## Activity
Output every line below exactly, please, omitting pictures.

(Given data Opens)

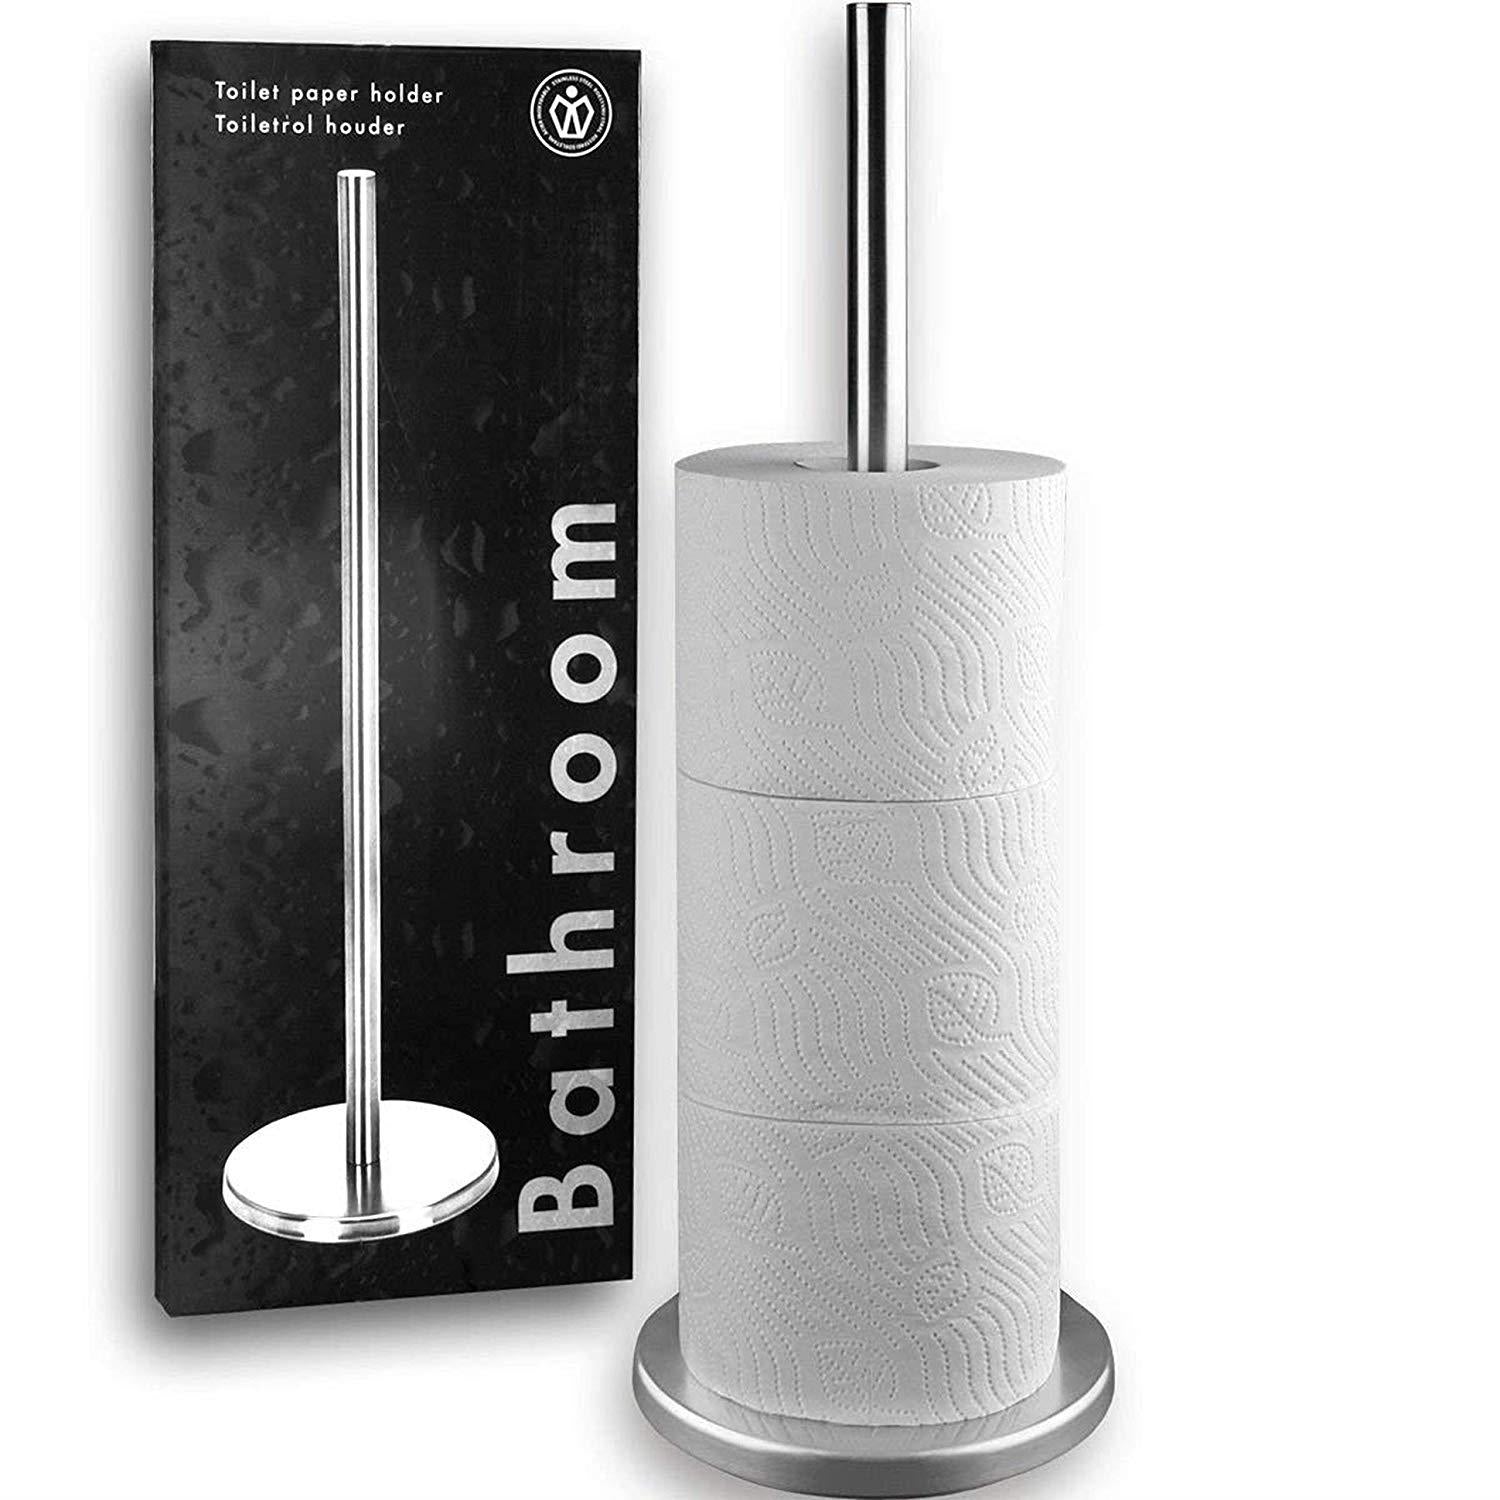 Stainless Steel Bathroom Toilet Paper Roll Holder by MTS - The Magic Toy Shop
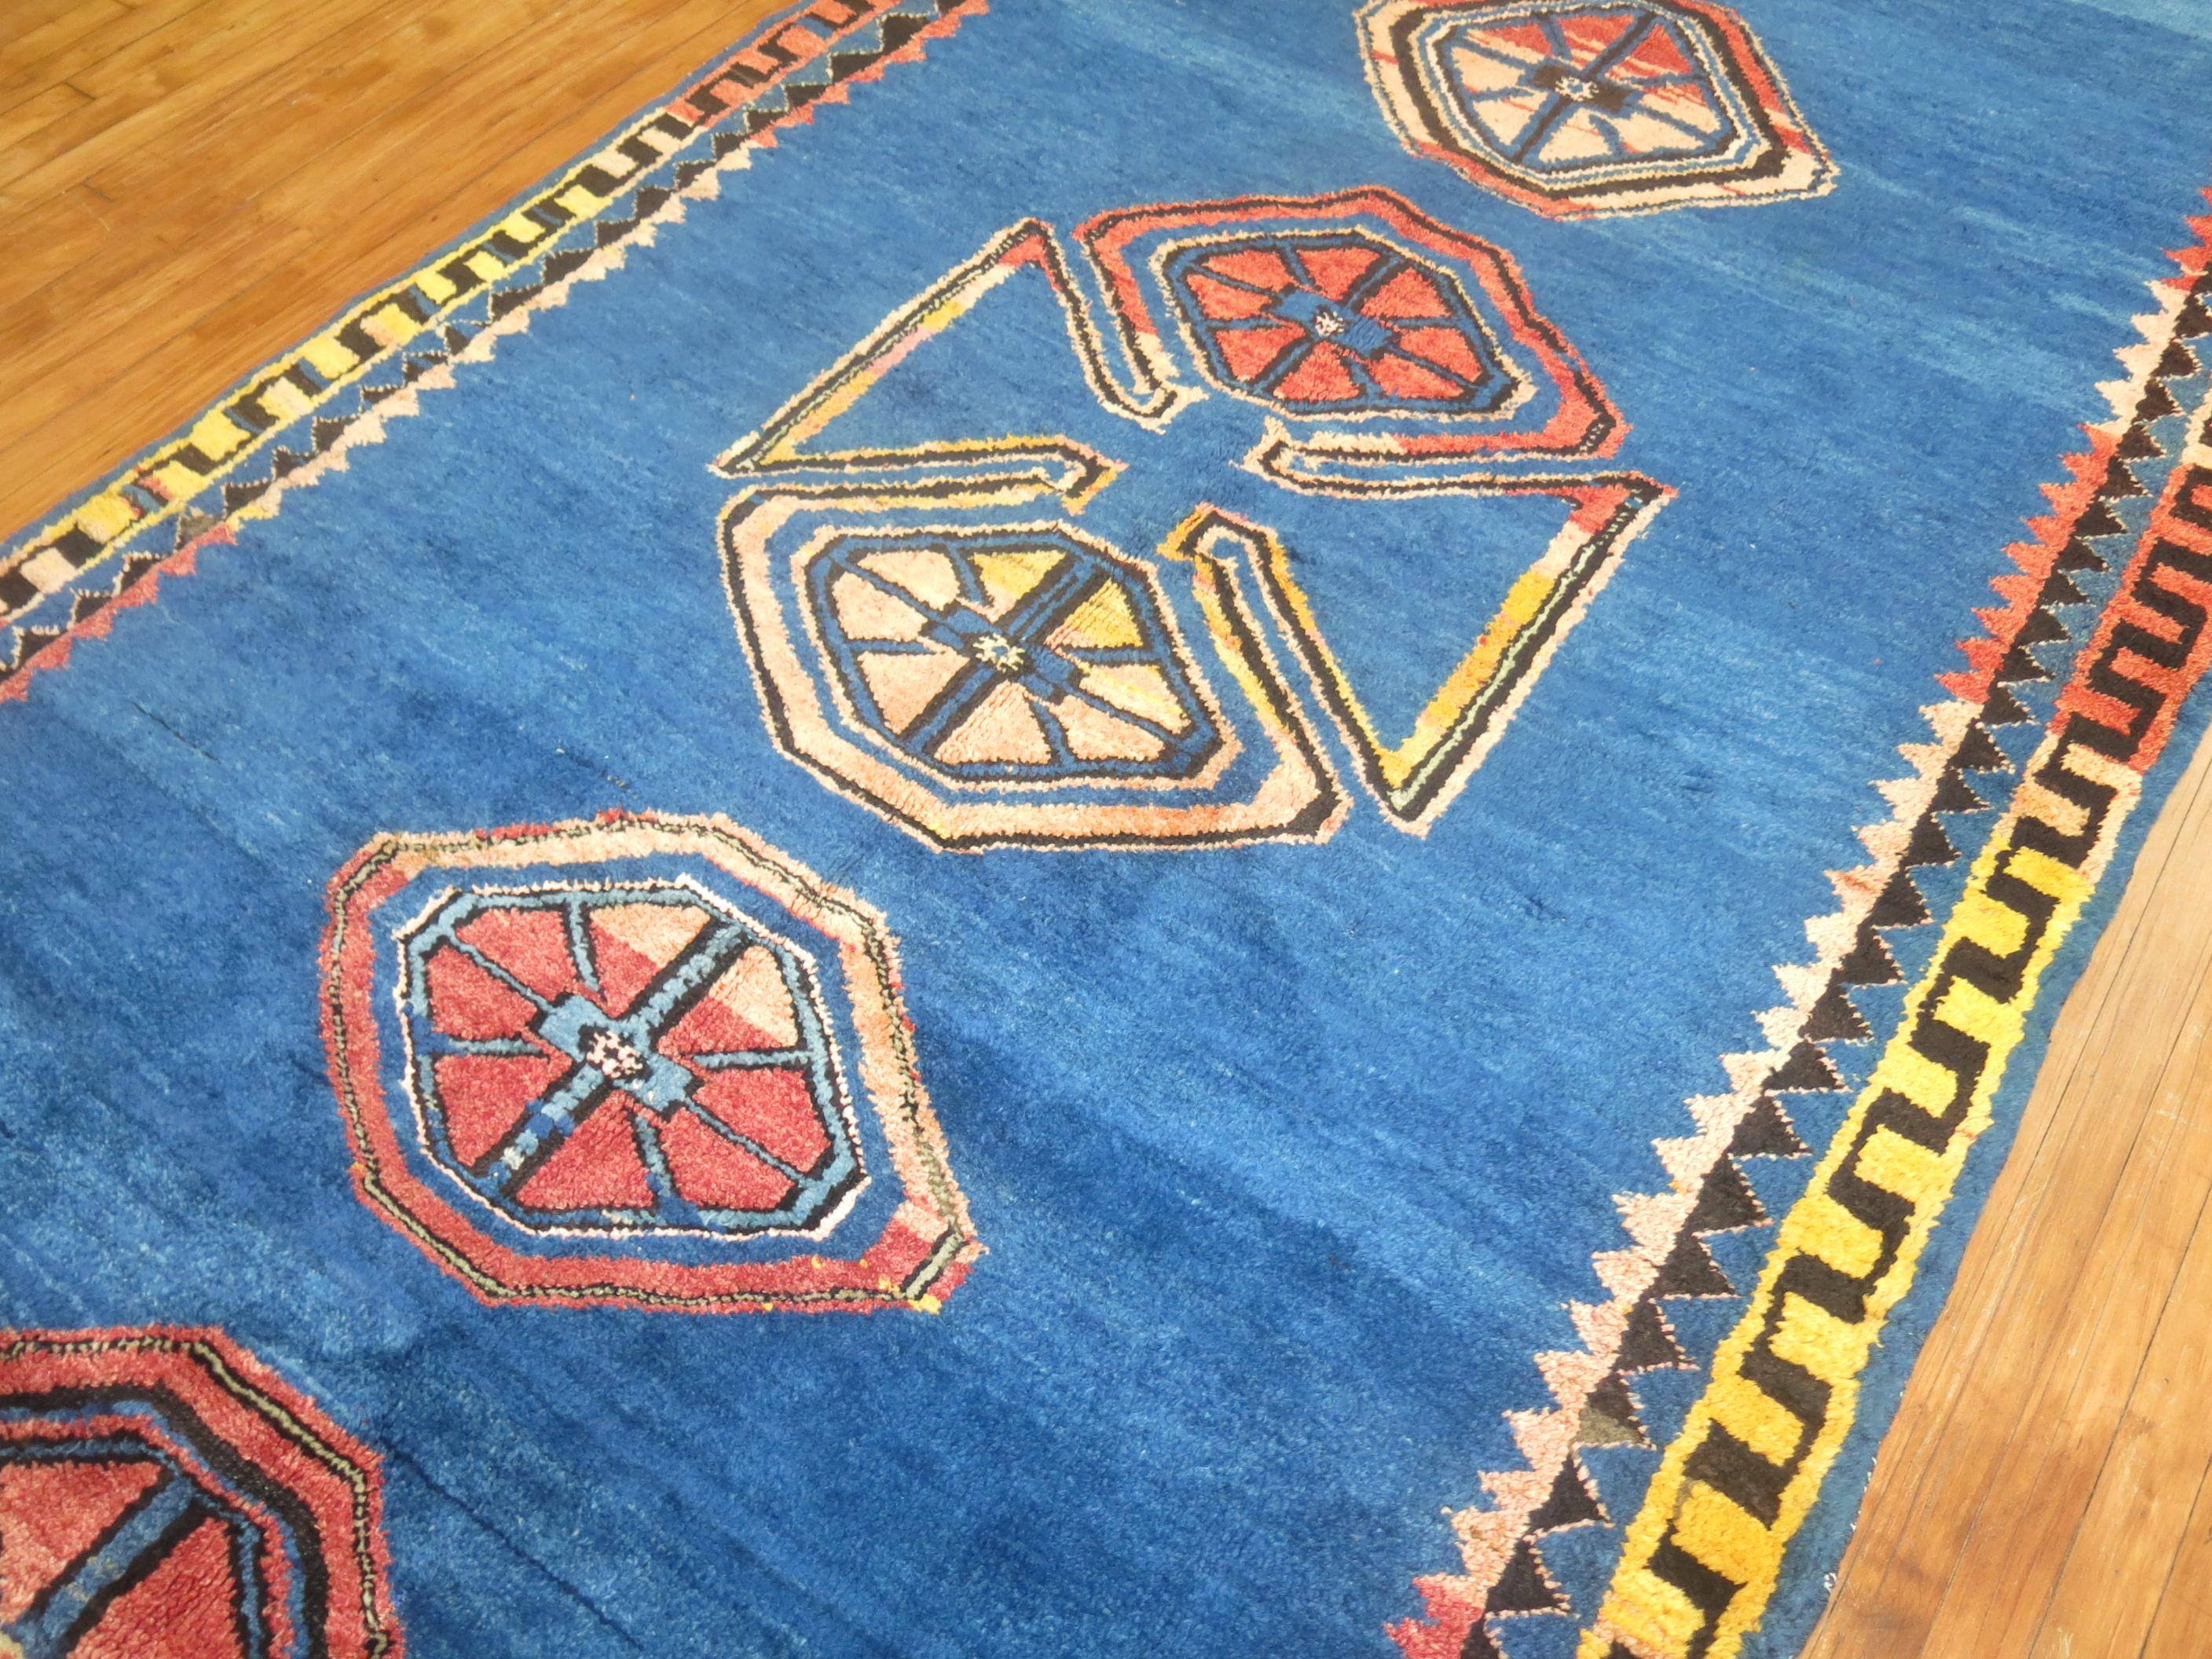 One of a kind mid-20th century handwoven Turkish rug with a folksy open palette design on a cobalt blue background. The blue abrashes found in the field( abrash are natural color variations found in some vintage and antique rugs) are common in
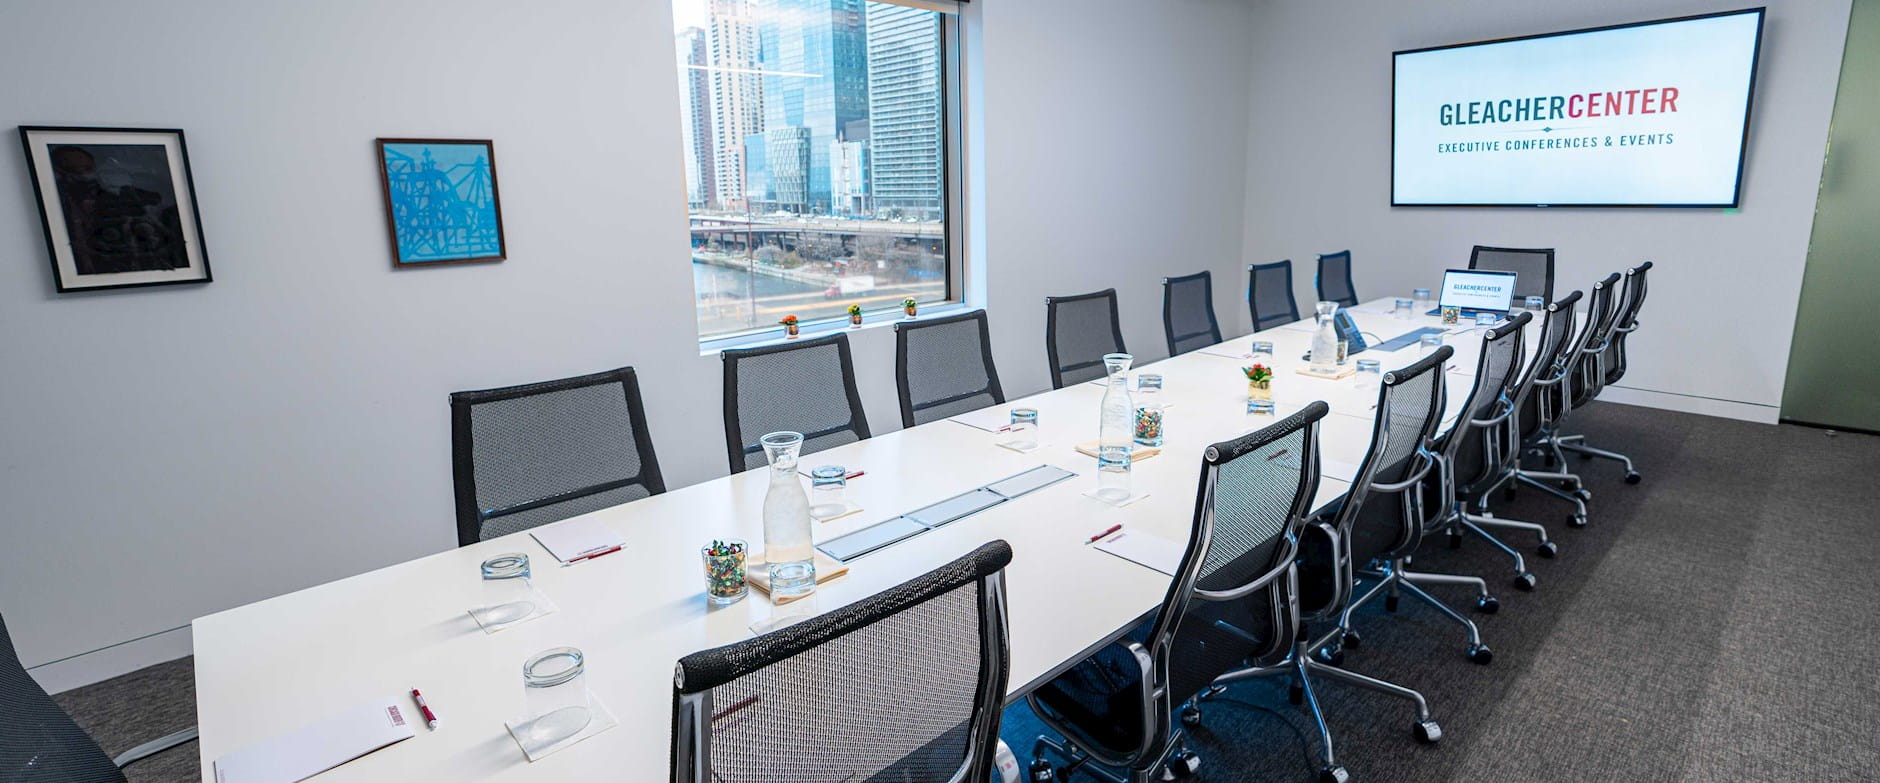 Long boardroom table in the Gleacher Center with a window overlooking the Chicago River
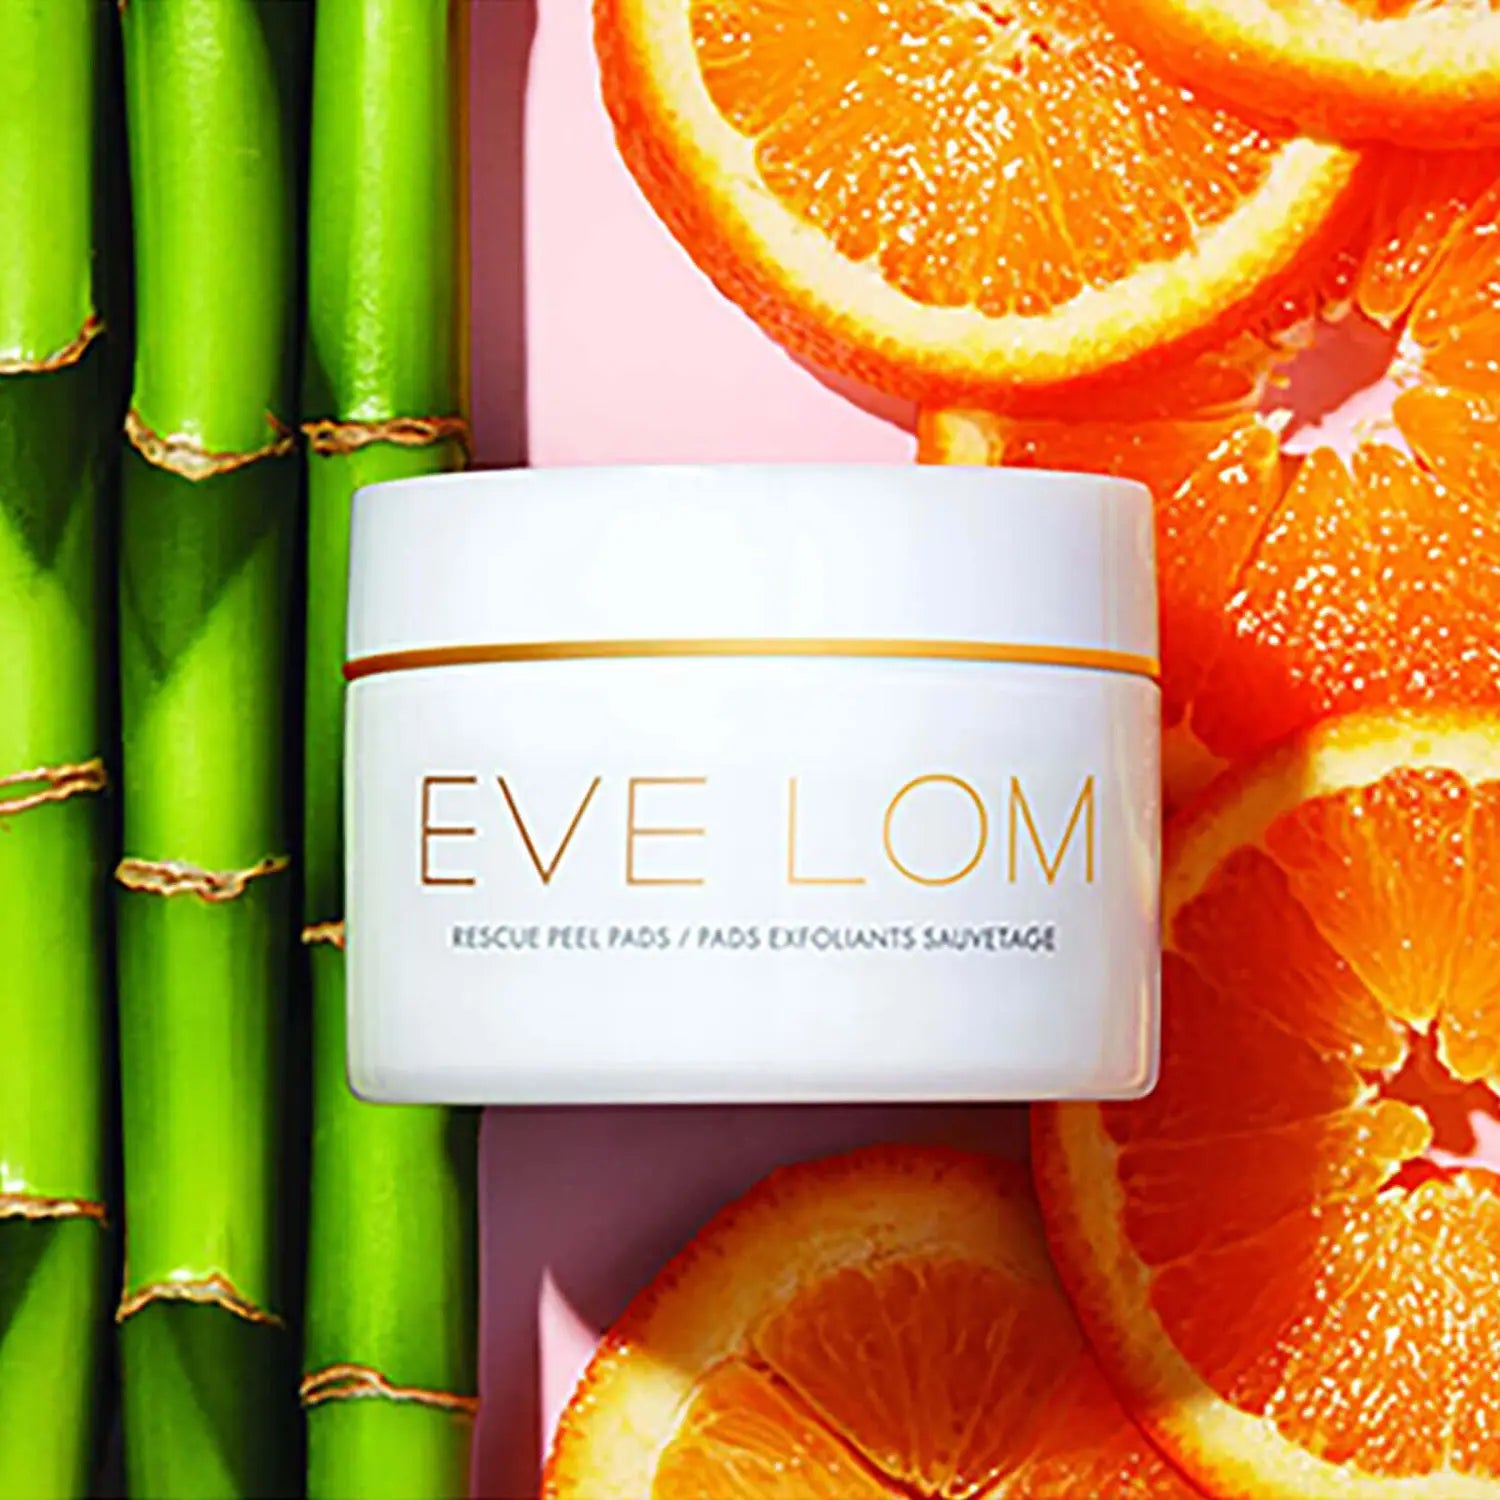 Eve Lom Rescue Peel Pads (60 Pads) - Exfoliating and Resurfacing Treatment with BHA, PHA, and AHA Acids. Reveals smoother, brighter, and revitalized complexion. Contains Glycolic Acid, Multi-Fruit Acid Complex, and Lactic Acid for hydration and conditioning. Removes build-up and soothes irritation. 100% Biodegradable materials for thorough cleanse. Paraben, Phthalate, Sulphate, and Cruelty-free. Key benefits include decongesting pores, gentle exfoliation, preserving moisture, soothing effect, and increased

(Given data Closes)

## Response area
 Stainless Steel Bathroom Toilet Paper Roll Holder by MTS - The Magic Toy Shop
 One of a kind mid-20th century handwoven Turkish rug with a folksy open palette design on a cobalt blue background. The blue abrashes found in the field( abrash are natural color variations found in some vintage and antique rugs) are common in
 Long boardroom table in the Gleacher Center with a window overlooking the Chicago River
 Eve Lom Rescue Peel Pads (60 Pads) - Exfoliating and Resurfacing Treatment with BHA, PHA, and AHA Acids. Reveals smoother, brighter, and revitalized complexion. Contains Glycolic Acid, Multi-Fruit Acid Complex, and Lactic Acid for hydration and conditioning. Removes build-up and soothes irritation. 100% Biodegradable materials for thorough cleanse. Paraben, Phthalate, Sulphate, and Cruelty-free. Key benefits include decongesting pores, gentle exfoliation, preserving moisture, soothing effect, and increased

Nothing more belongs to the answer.